Monday, May 27, 2019

http://schneiderchen.de | © 2019 | http://angiesrecipes.blogspot.com




http://schneiderchen.de | © 2019 | http://angiesrecipes.blogspot.com


Côte De Boeuf is a steak cut from the rib primal with the rib bone still attached but depending on where you live it will have different names. In French cuisine the same cut also with bone attached is called côte de bœuf, which translates as “beef rib”. In Australia and New Zealand a bone-in rib steak is called a "ribeye". In the USA it is known as a rib steak or cowboy steak. It delivers amazing flavour from all the marbling that runs through it, and makes an ideal sharing steak for a dinner for two. Chimichurri is mainly made from chopped parsley, garlic, olive oil, oregano, chilli flakes, and red wine vinegar. It's great to use as a condiment for the meat, but can also be used as a marinade.

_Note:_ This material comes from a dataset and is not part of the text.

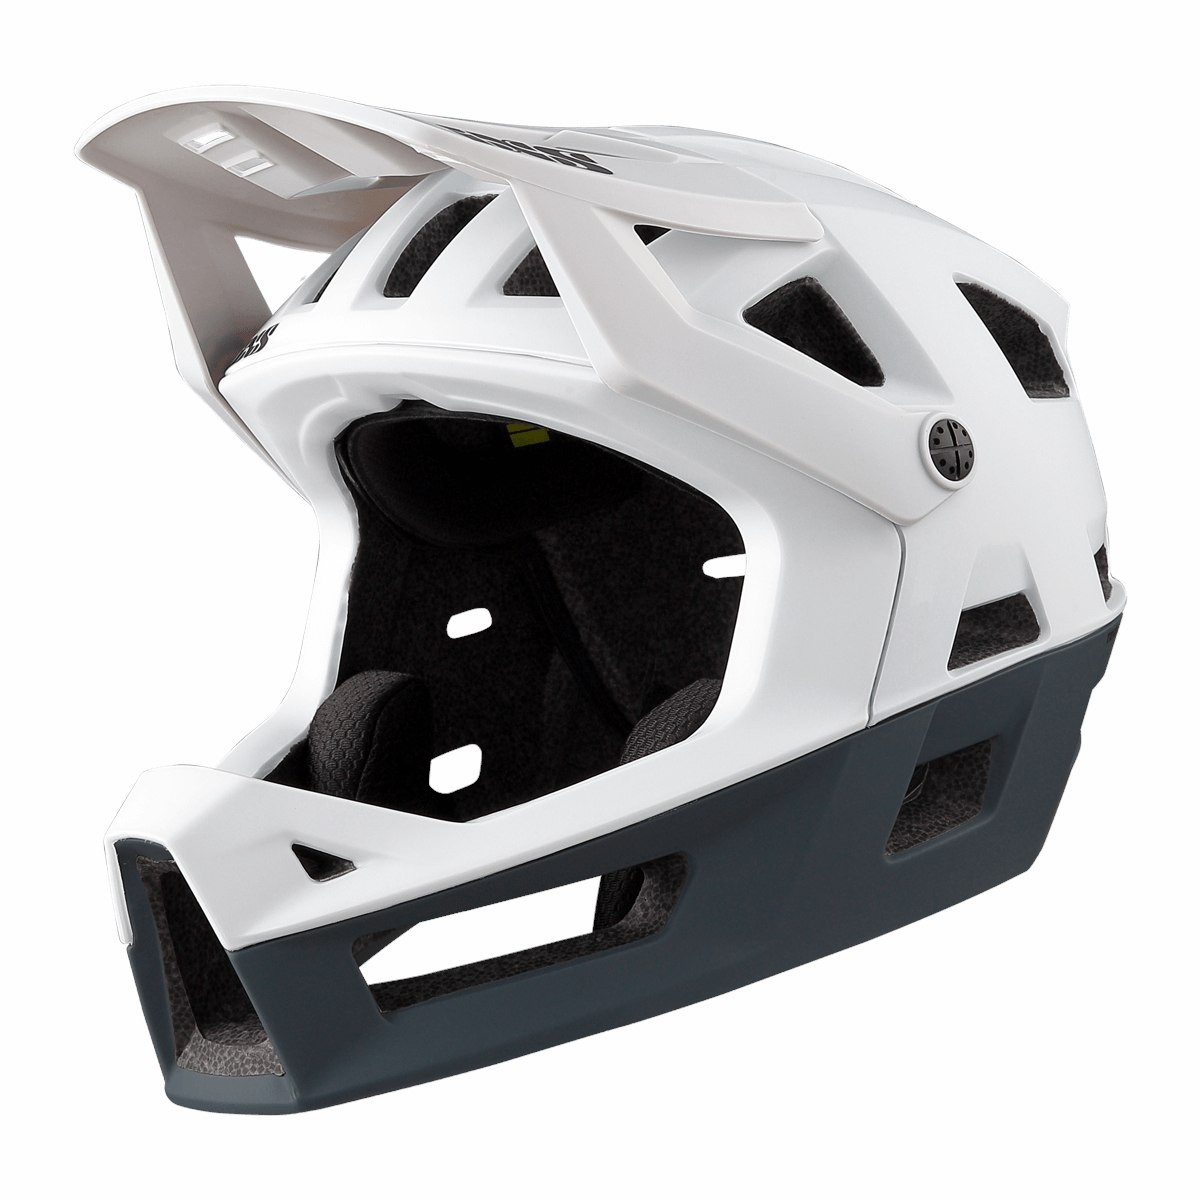 Produktbild von iXS Trigger Fullface Helm - weiß

  • A bunch parsley, roughly chopped
  • 1-2 tbsp Oregano
  • 2 Garlic cloves
  • 1 Shallot, chopped
  • 1/2 tsp Chilli flakes
  • 4 tbsp Olive oil
  • Juice 1/2 lemon
  • 2 tsp Red wine vinegar
  • 25 g Butter,
  • 1 / about 700 g Côte de Boeuf
  • Salt and peppers
  • Arugula
  1. To make the chimichurri, blitz the parsley, oregano, garlic, shallot and chilli flakes in a food process. Add olive oil, the lemon juice, vinegar and some seasoning, and pulse to combine everything to a saucy consistency.
  2. Take Côte de Boeuf ouf of the refrigerator 1- 2 hours before the preparation. Season steak well with salt and pepper.
  3. Preheat the oven to 200C/400F. Heat the butter in a cast iron skillet over medium-high heat. Sear the beef for 2 minutes on both sides then cook in the oven for 16 minutes for rare, 20 minutes for medium.
  4. Remove from the oven and leave to rest for at least 10 minutes. Slice thickly and serve with the prepared chimichurri sauce over a bed of arugula salad.